Reputation: 21
I have run into a rather frustrating problem with OpenMP: it seems that if OpenMP is used in parallel mode somewhere in the code (for more than one thread), then dynamic memory allocation/de-allocation becomes slower even in non-parallel portions of code. Here is an example program (just an illustration):
int main()
{
#pragma omp parallel
{
// Just to get OpenMP going
}
double wtime0, wtime;
wtime0 = omp_get_wtime();
double **stuff;
const int N = 1000000;
stuff = new double*[N];
for (int i=0; i < N; i++) stuff[i] = new double;
for (int i=0; i < N; i++) *(stuff[i]) = sqrt(i);
for (int i=0; i < N; i++) delete[] stuff[i];
delete[] stuff;
wtime = omp_get_wtime() - wtime0;
cout << "Total CPU time: " << wtime << endl;
}
When I run this code with one thread on my laptop (which is an Intel Core 2 Duo), I get a CPU time of 0.093. On the other hand, if I run it with two threads, the CPU time increases to 0.13. The more pointer allocations there are, the worse the discrepancy becomes. In the above code, if I were to replace "stuff" by a simple array, e.g.
double stuff2[N];
for (int i=0; i < N; i++) stuff2[i] = sqrt(i);
then there is no discrepancy. Can someone tell me why this problem exists when pointers are allocated/de-allocated, even though it's not done in parallel? The reason why this is a problem is because in the real code I am working with, dynamic memory allocation is essential. There are sections that can be sped up by running in parallel, but (with two threads versus one) this is more than overcompensated by the fact that the memory allocation/de-allocation is slowed down considerably, even in the non-parallel sections. If someone with extensive OpenMP experience can tell me how to get around this problem I would really appreciate it. (Worst case scenario, I can just use MPI instead, but I would love it if this can be solved within OpenMP.)

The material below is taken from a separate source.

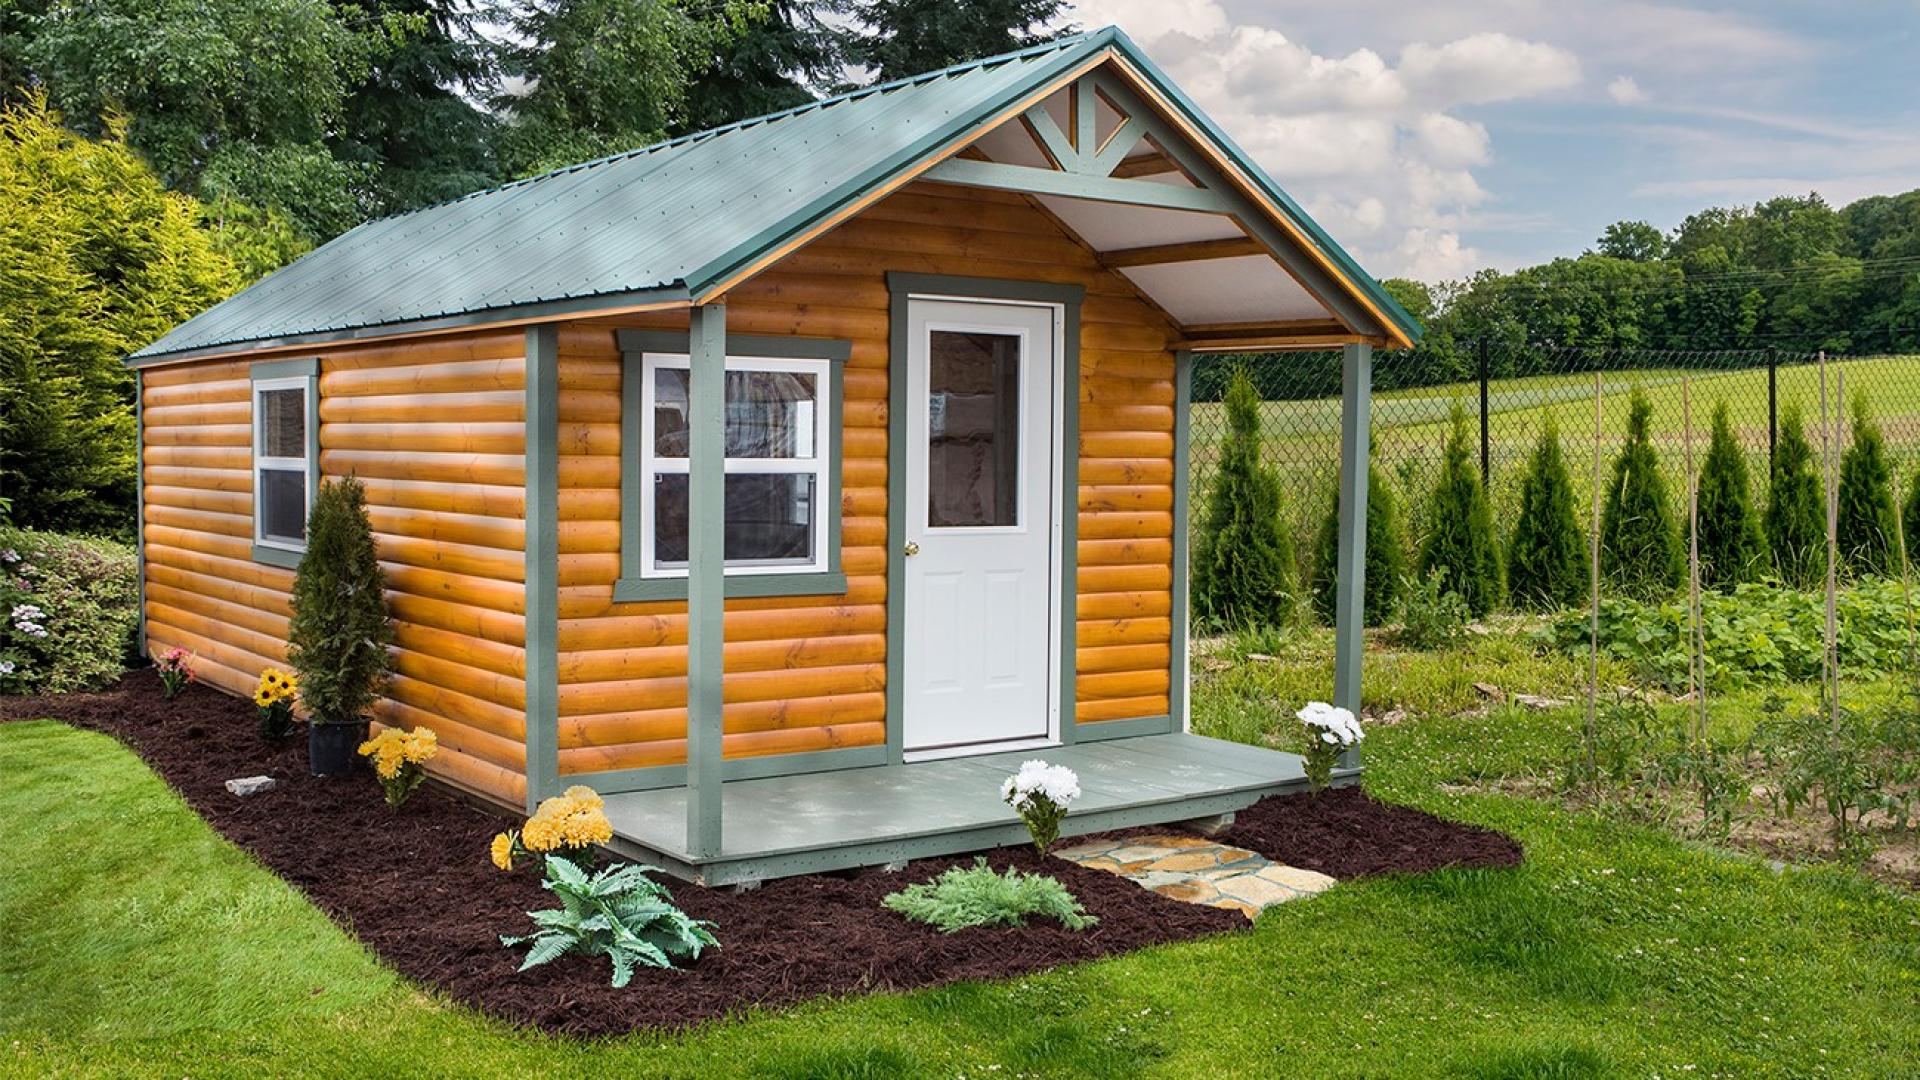 Brown hunting cabin with green roof and trim

Thanks in advance for the help.
Upvotes: 2
Views: 1355
Reputation: 62563
Yes, this is concievable. In general, one should avoid naive dynamic allocations in multi-threading anvironment, as there is a single lock there. MT-aware allocators provide a much better performance and should be preferred in allocation-heavy scenarios. This is exactly why I always scowl down on code here which just uses vectors or strings or shared pointers as a class members without letting users to specify allocation policy.
Upvotes: 4